Transcription regulation – involves transcription factors such as activators or repressors. Activators are proteins that bind to enhancers, DNA sequences far away from the gene to be transcribed. Somehow, the activator/ enhancer can cause the DNA to bend in such a way that the RNA polymerase can bind to the operator and transcription is turned ‘on.’
Conversely, repressors bind to silencer DNA sequences and prevent RNA polymerase from initiating transcription.
When genes in a metabolic pathway are on different chromosomes, the same activators bind to each gene, wherever it is located. Then transcription can occur simultaneously.
Transcription regulation also involves modifying RNA transcripts. Modifications including adding a 5’ G cap to a transcript as well as a 3’ poly-A tail. These protect the RNA from attack and help ribosomes recognize the transcript. Eukaryotic RNA also contains large non-coding sequences called introns. Introns must be removed and the remaining coding sequences, exons, are then spliced together. Alternative splicing means that slightly different versions of exons are spliced together. This allows a relatively small number of genes to result in a large variety of resulting proteins.

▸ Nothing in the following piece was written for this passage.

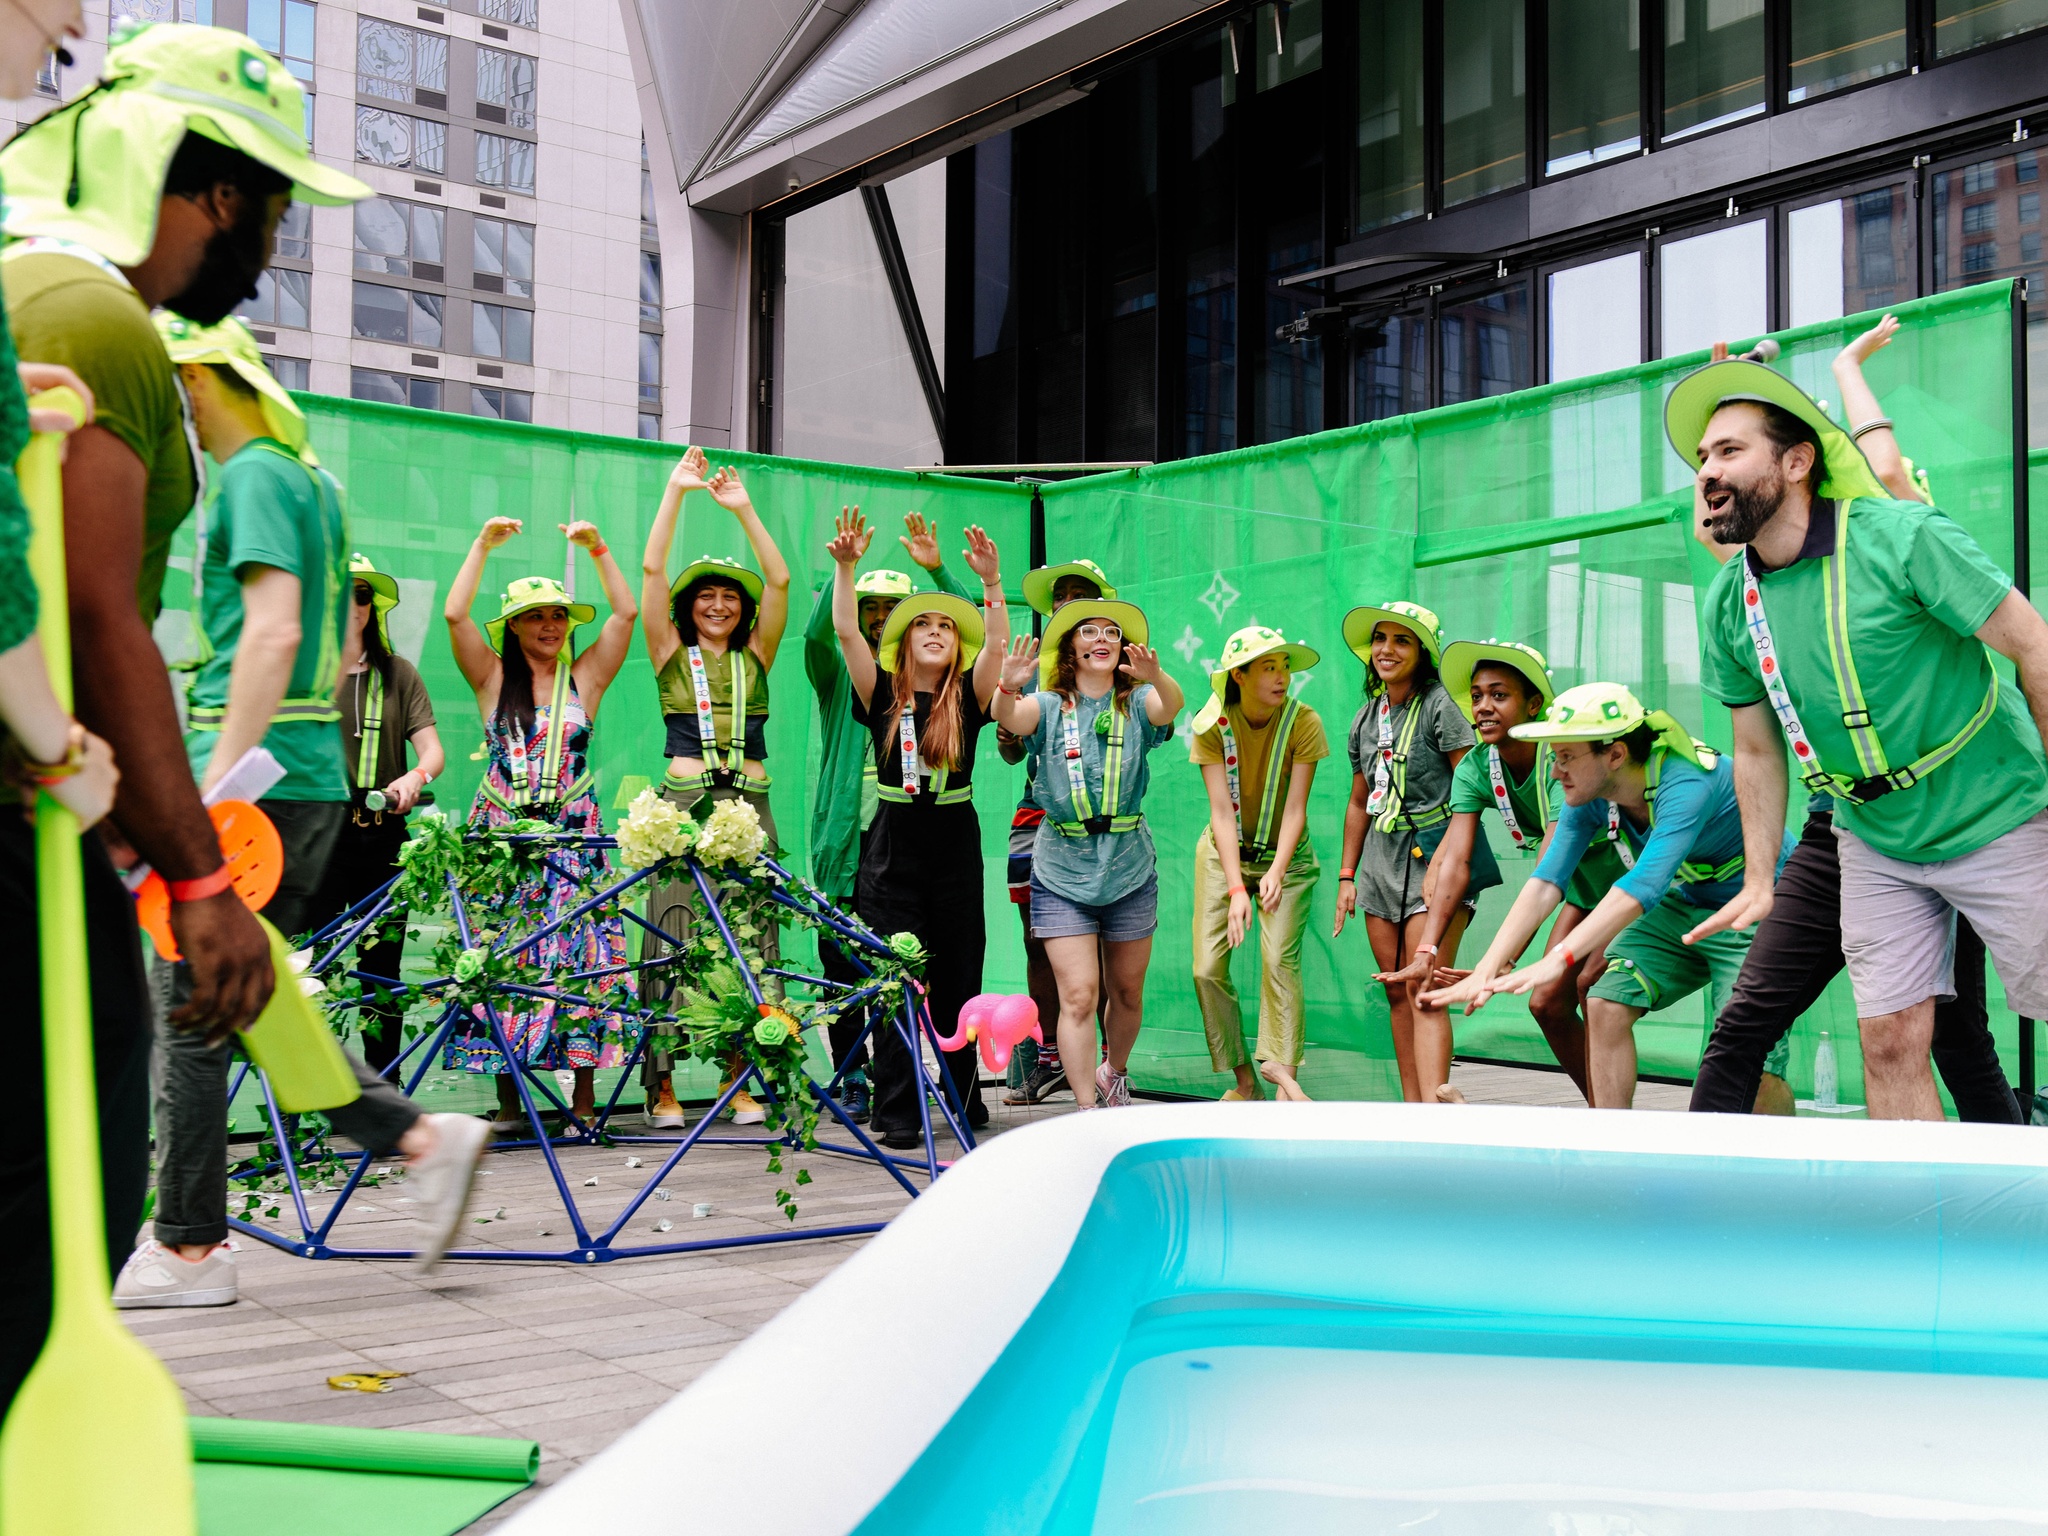 A group of participants in green hats, in front of a kiddie pool.

Translation regulation – The stability of mRNA depends on its specific type – some are very stable, some are highly unstable and degrade after a few minutes. Sometimes there are inhibitors that prevent mRNA from assembling in a ribosome. Hemoglobin is regulated in this way. Until heme binds the inhibitor and removes it from blocking translation, no hemoglobin is translated. Sometimes, post-translational modifications are made, where the translated protein has a segment removed before it becomes functional. This is the case with insulin.

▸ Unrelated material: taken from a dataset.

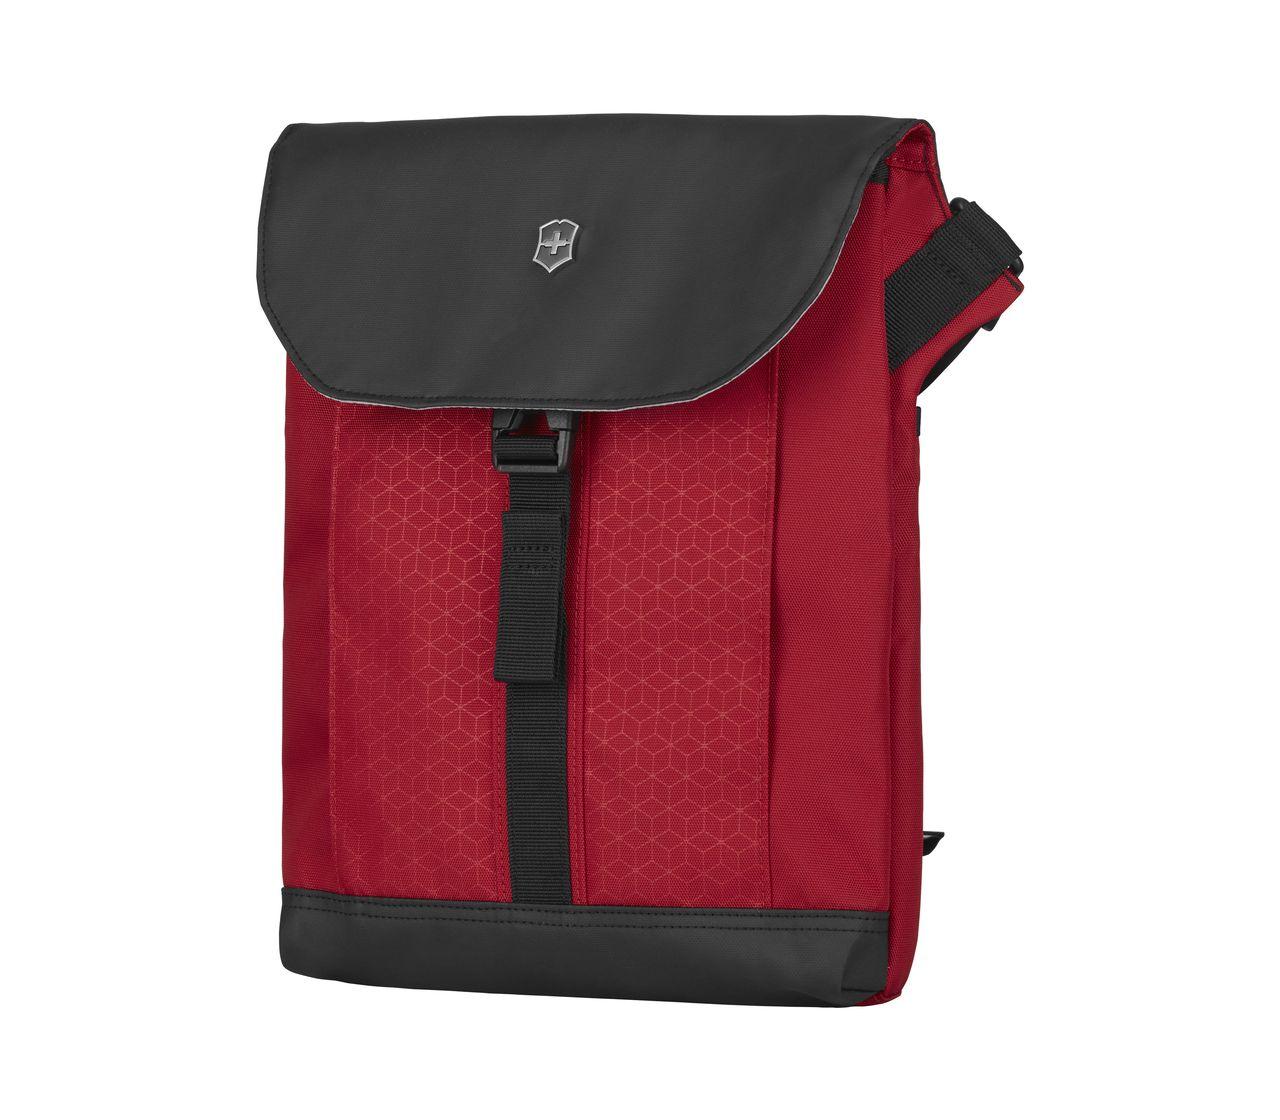 Cosmic Thaw, thaw, frost thaw Morse code Victorinox Altmont Original Flapover Digital Bag in red - 606753

Now that we’ve seen how genes are regulated, we should figure out how all the genes are stored in the chromosomes, because this plays a role in gene regulation as well.
All of the methods above are important in determining which genes are transcribed and translated, and which parts of the chromosomes remain tightly supercoiled, unavailable for transcription. This brings up the question of whether cells which have already become specialized in their function (blood cells, brain cells, liver cells, etc.) can ever have their inactive DNA (supercoiled) reactivated. This is the basis of the early frog cloning experiments and the cloning of Dolly the sheep. These show that inactive segments of chromosomes can be reactivated. This is also how salamanders are to to regenerate a lost limb or tail. Cells surrounding the injury undergo de-differentiation, and undergo a re-specialization to replace the lost body part.

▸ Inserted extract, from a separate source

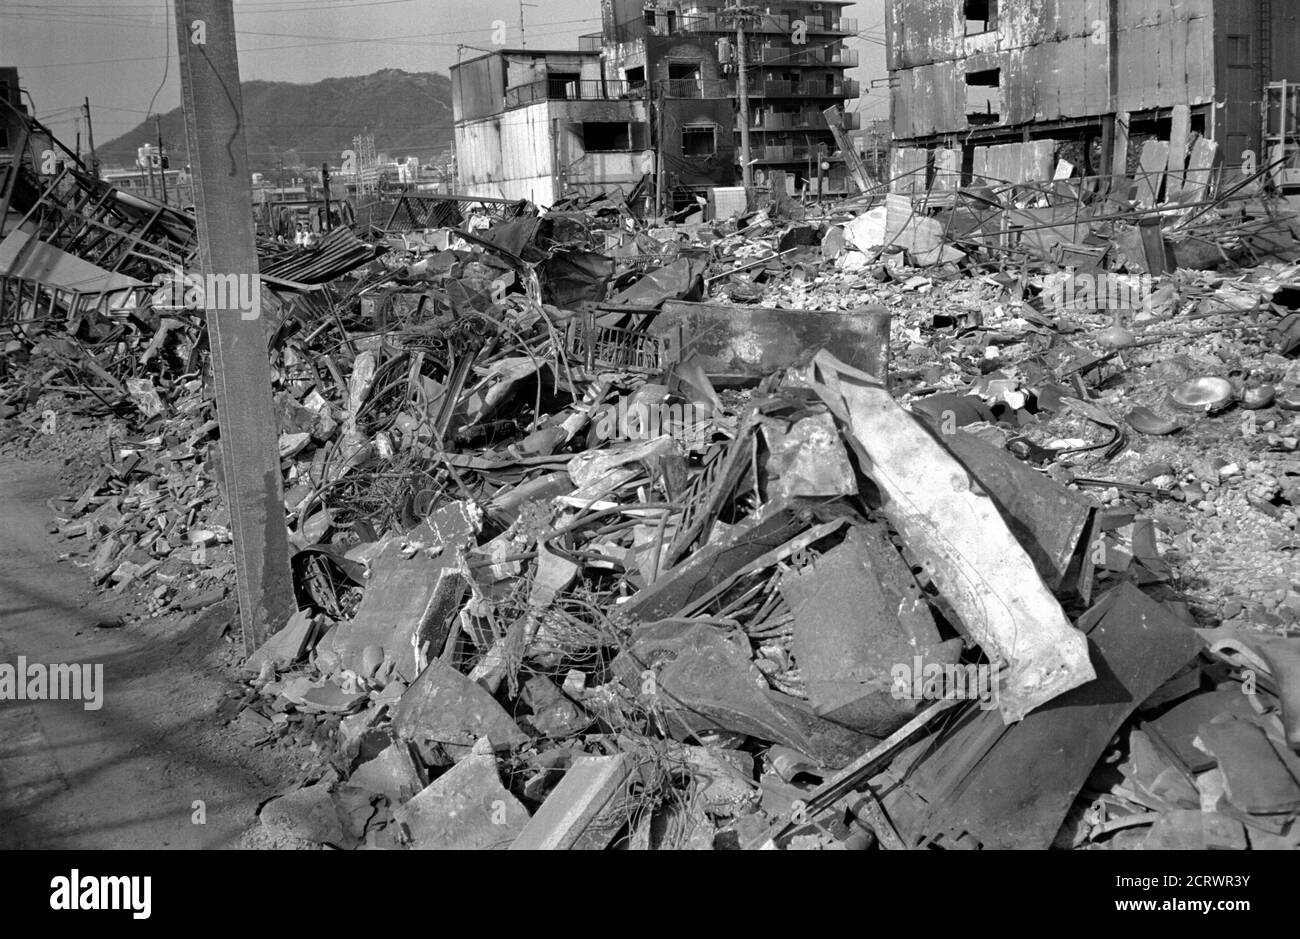 Scene of the wreckage and ruins remaining from the damage caused by the 1995 Great Hanshin Earthquake in Kobe, Japan Stock Photo

Signal transduction pathways. This is the method by which one cell receives a message from a neighboring cell indicating that it should initiate transcription. The neighboring cell releases a signal molecule which binds to a receptor protein in the cell’s membrane. This initiates a series of relay proteins that results in the activation of a transcription factor. The transcription factor enters the nucleus and initiates transcription of a new gene.
Genetic Basis of Cancer. Several mutations are generally required for the development of cancer. Chromosomes of many animals contain genes that can be mutated to become oncogenes, a gene that results in cancer. These are called proto-oncogenes, and they often code for growth factors. Mutations in proto-oncogenes primarily occur in somatic cells so there is little chance that the mutated cancer cells would be passed to offspring. However, certain versions of proto-oncogenes can predispose an individual to cancer, and those proto-oncogenes are hereditary.
Mutations that lead to cancer may result in a hyperactive protein, multiple copies of a gene or, a gene that has moved to a different location with different regulatory factors. Also, changes in tumor suppressor genes will reduce the cell’s ability to stop uncontrolled cell growth.